§ **SOURCE MATERIAL**:
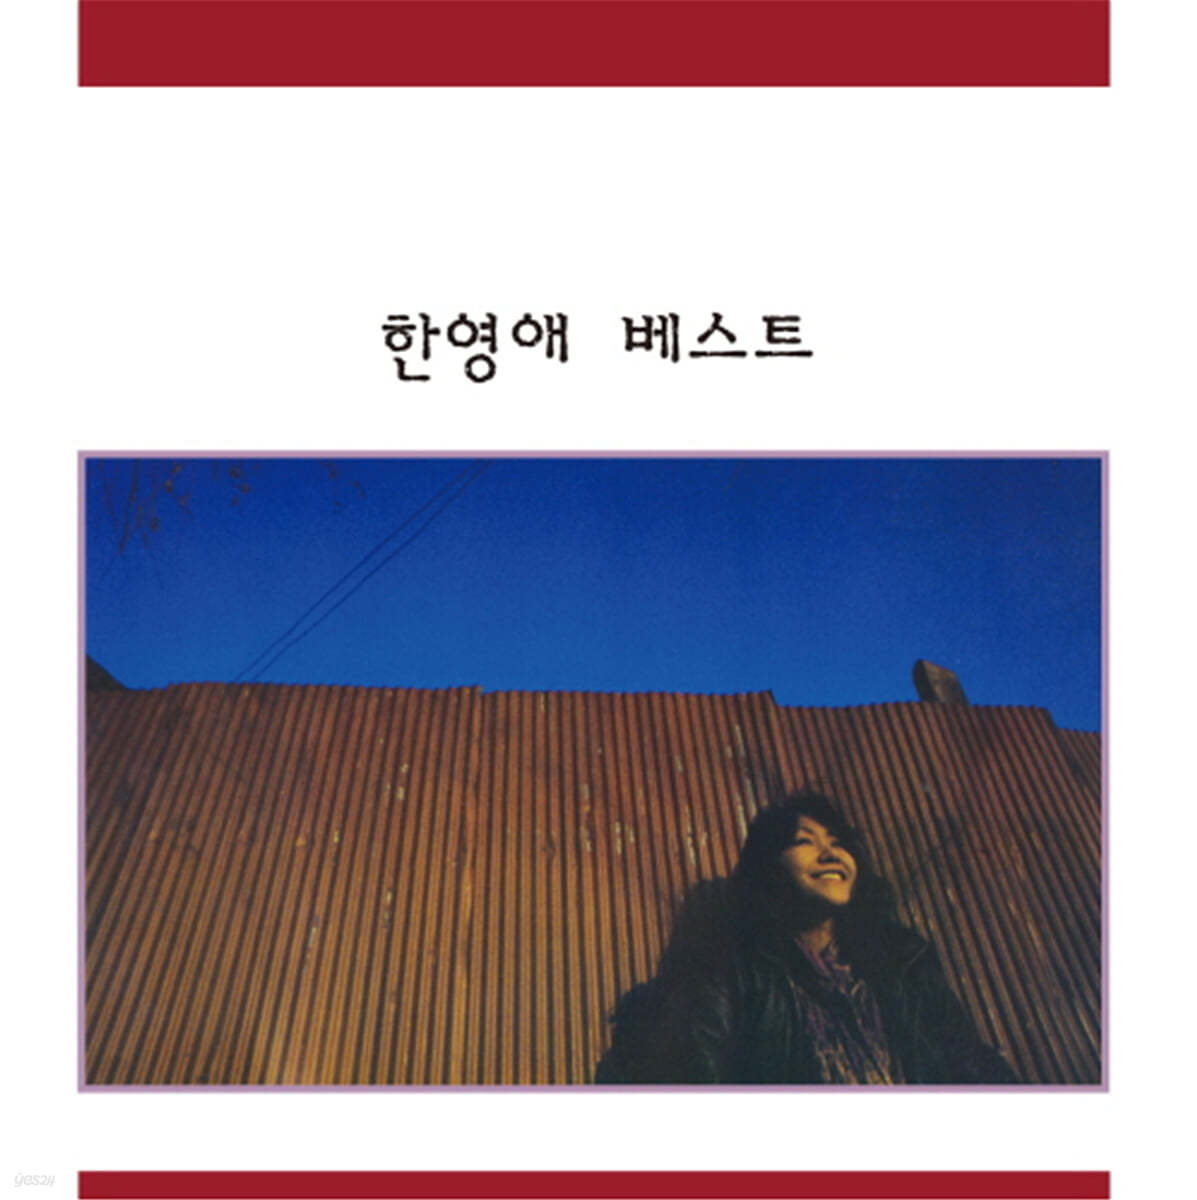 한영애 - 베스트 [LP + 7인치 픽쳐 디스크 Vinyl] 
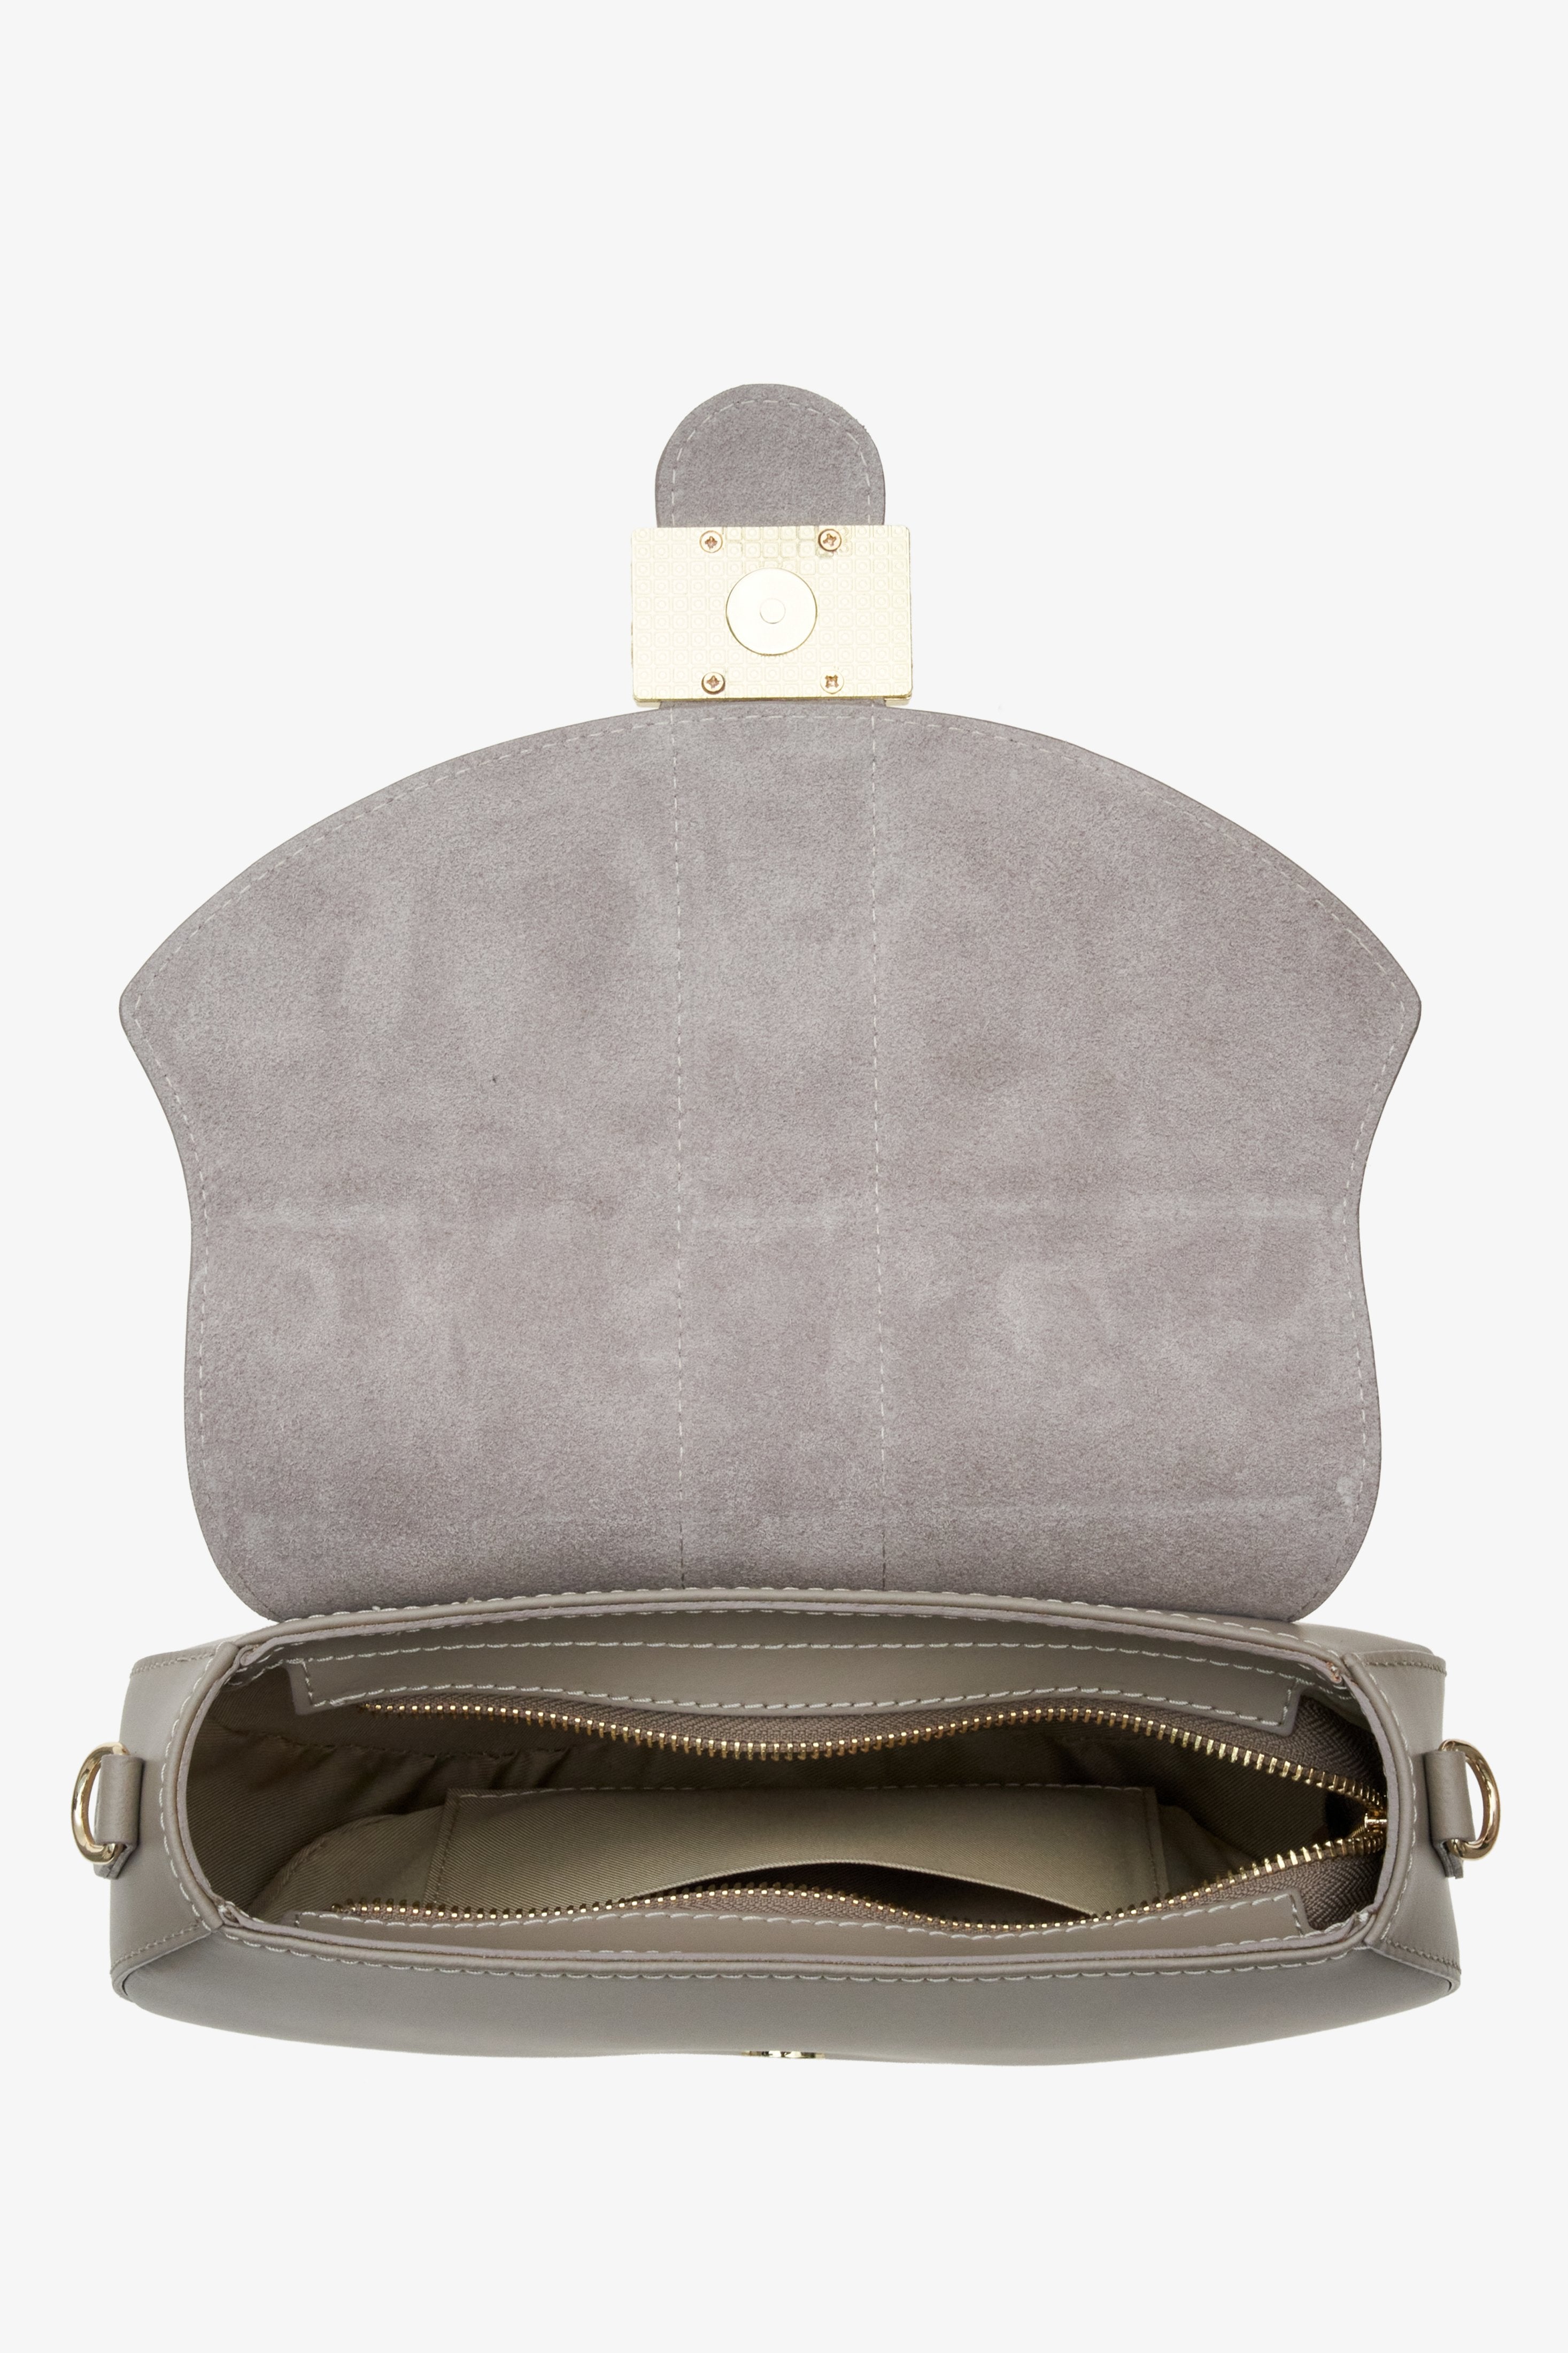 Damska torebka w kształcie podkowy w kolorze szarym Estro - wnętrze modelu.
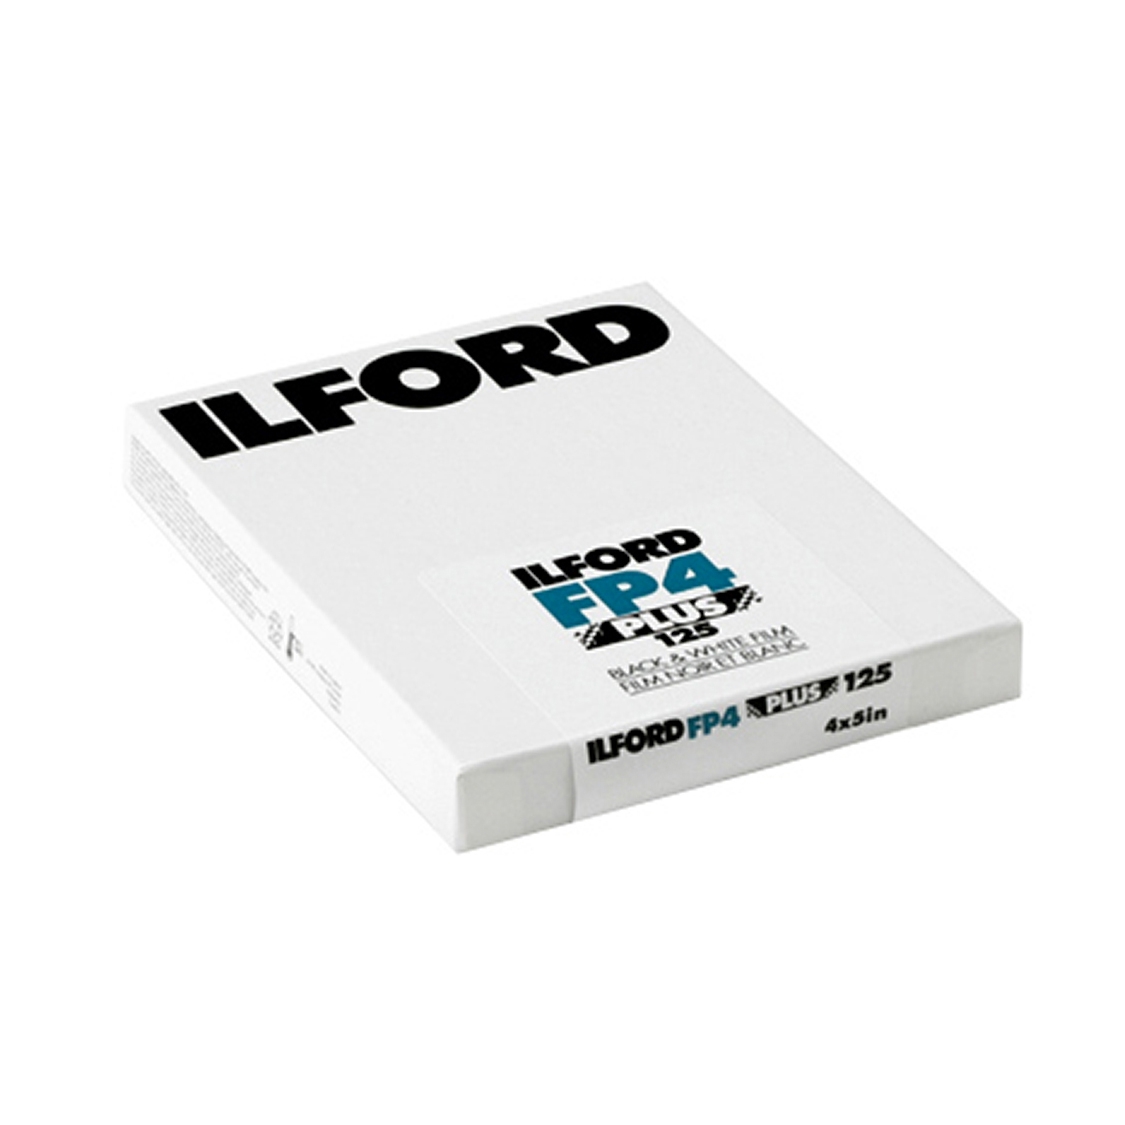 Ilford FP4 Plus 4x5 Film (25 sheets)
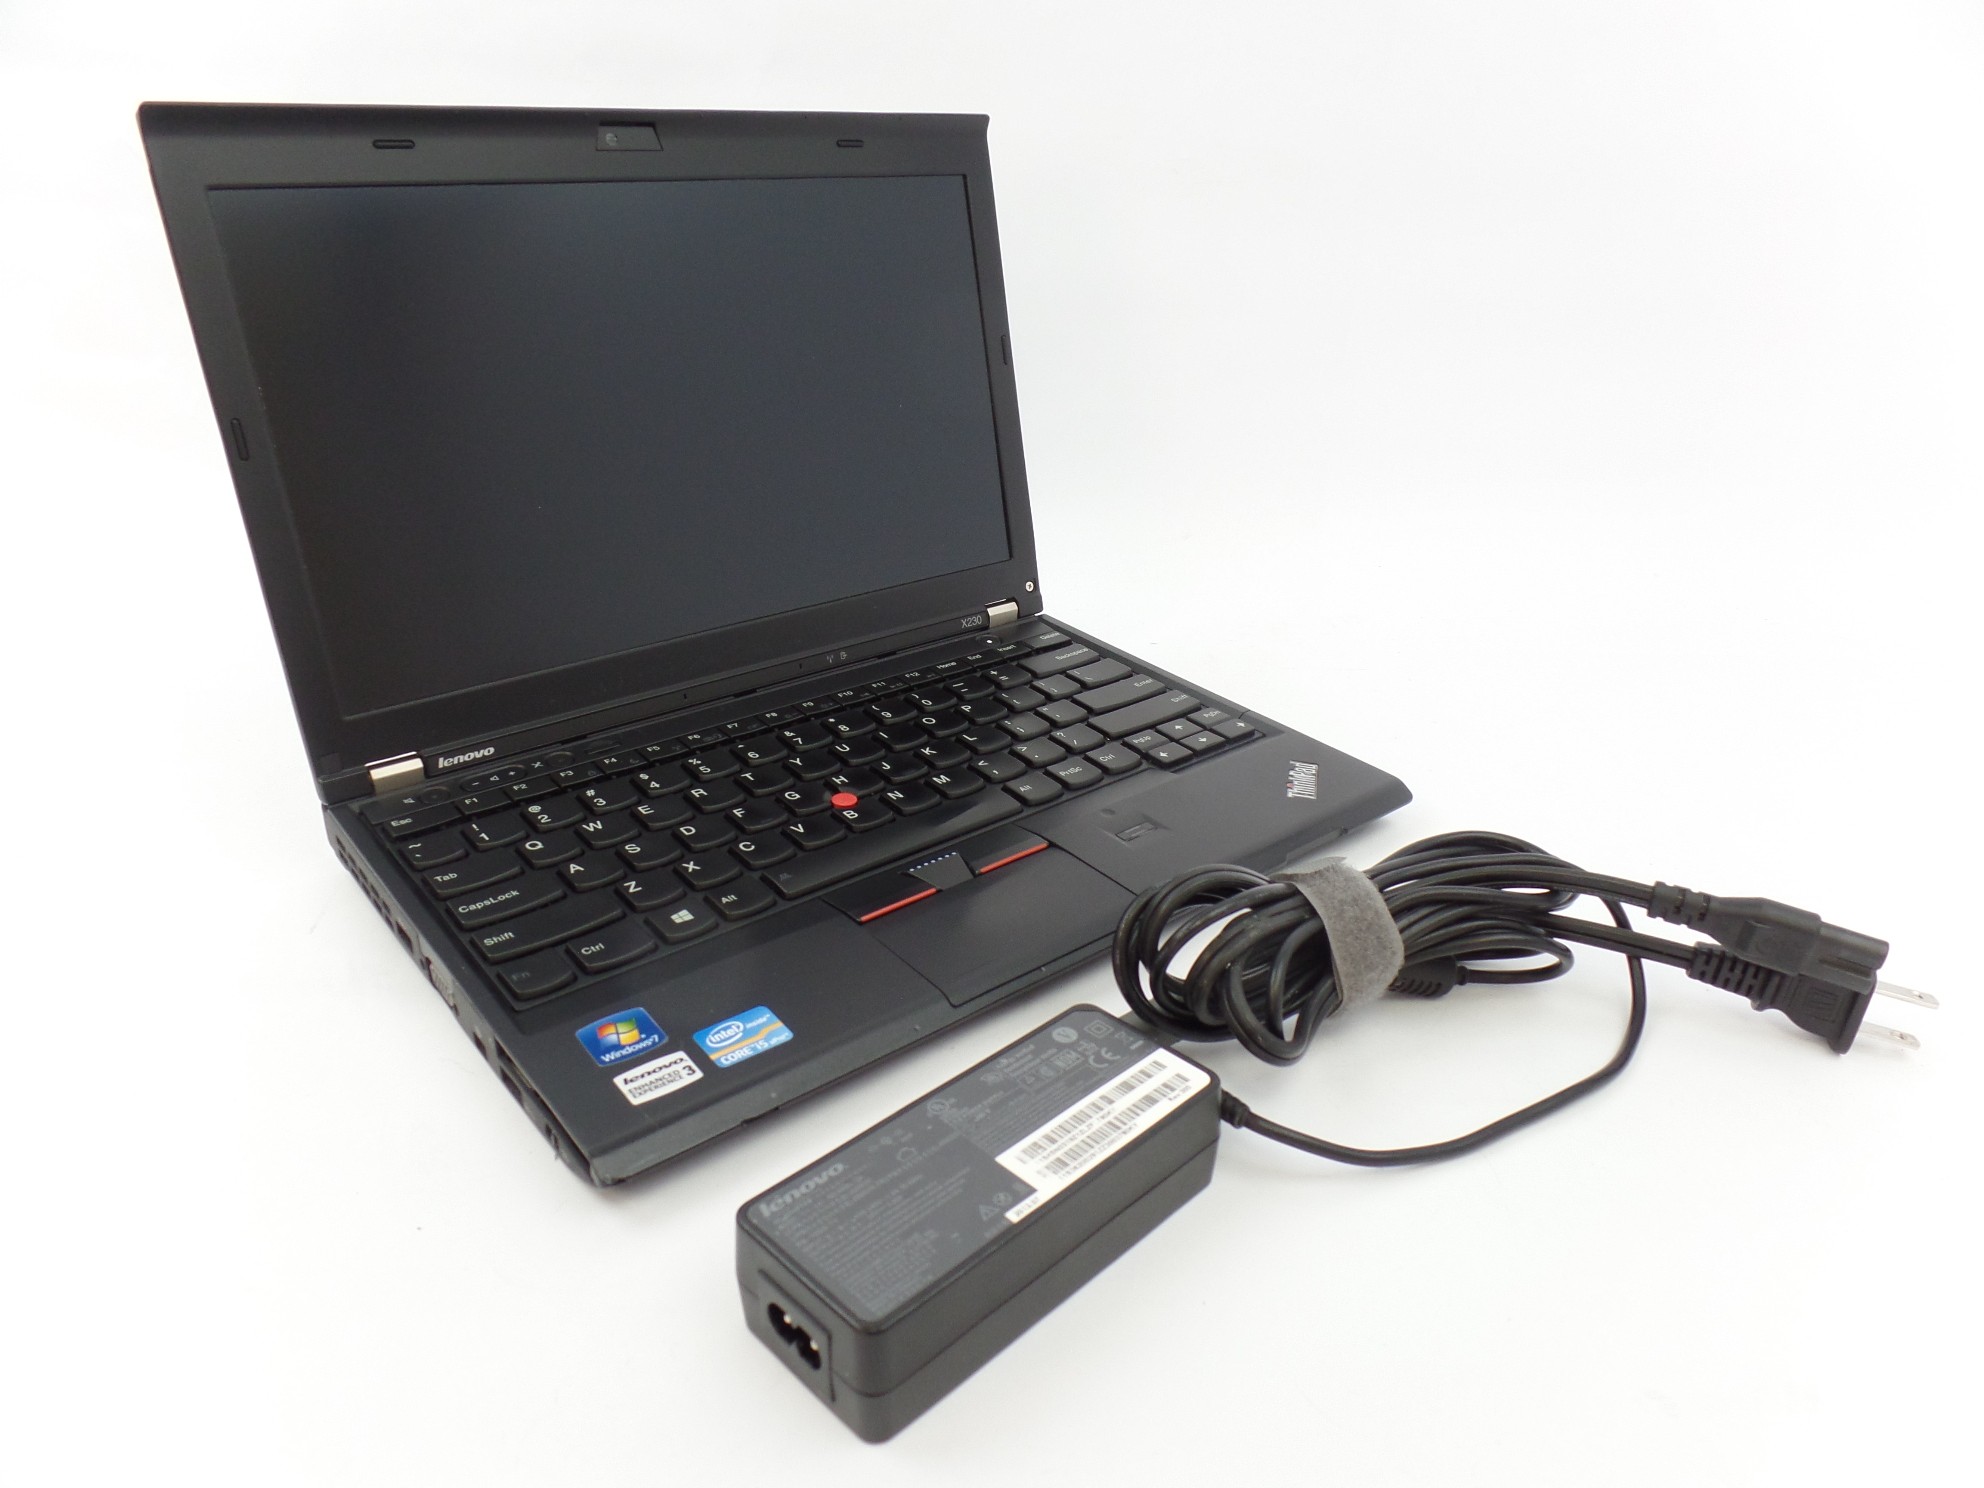 Lenovo ThinkPad x230 12.5" HD i5-3320M 2.6GHz 4GB 320GB HDD W7P Laptop 23252QM U

§ **EXERCISE**: Set out the material once more, exact in every line, with no images.

§ **RESULT OF THE EXERCISE**:
 한영애 - 베스트 [LP + 7인치 픽쳐 디스크 Vinyl] 
 Damska torebka w kształcie podkowy w kolorze szarym Estro - wnętrze modelu.
 Ilford FP4 Plus 4x5 Film (25 sheets)
 Lenovo ThinkPad x230 12.5" HD i5-3320M 2.6GHz 4GB 320GB HDD W7P Laptop 23252QM U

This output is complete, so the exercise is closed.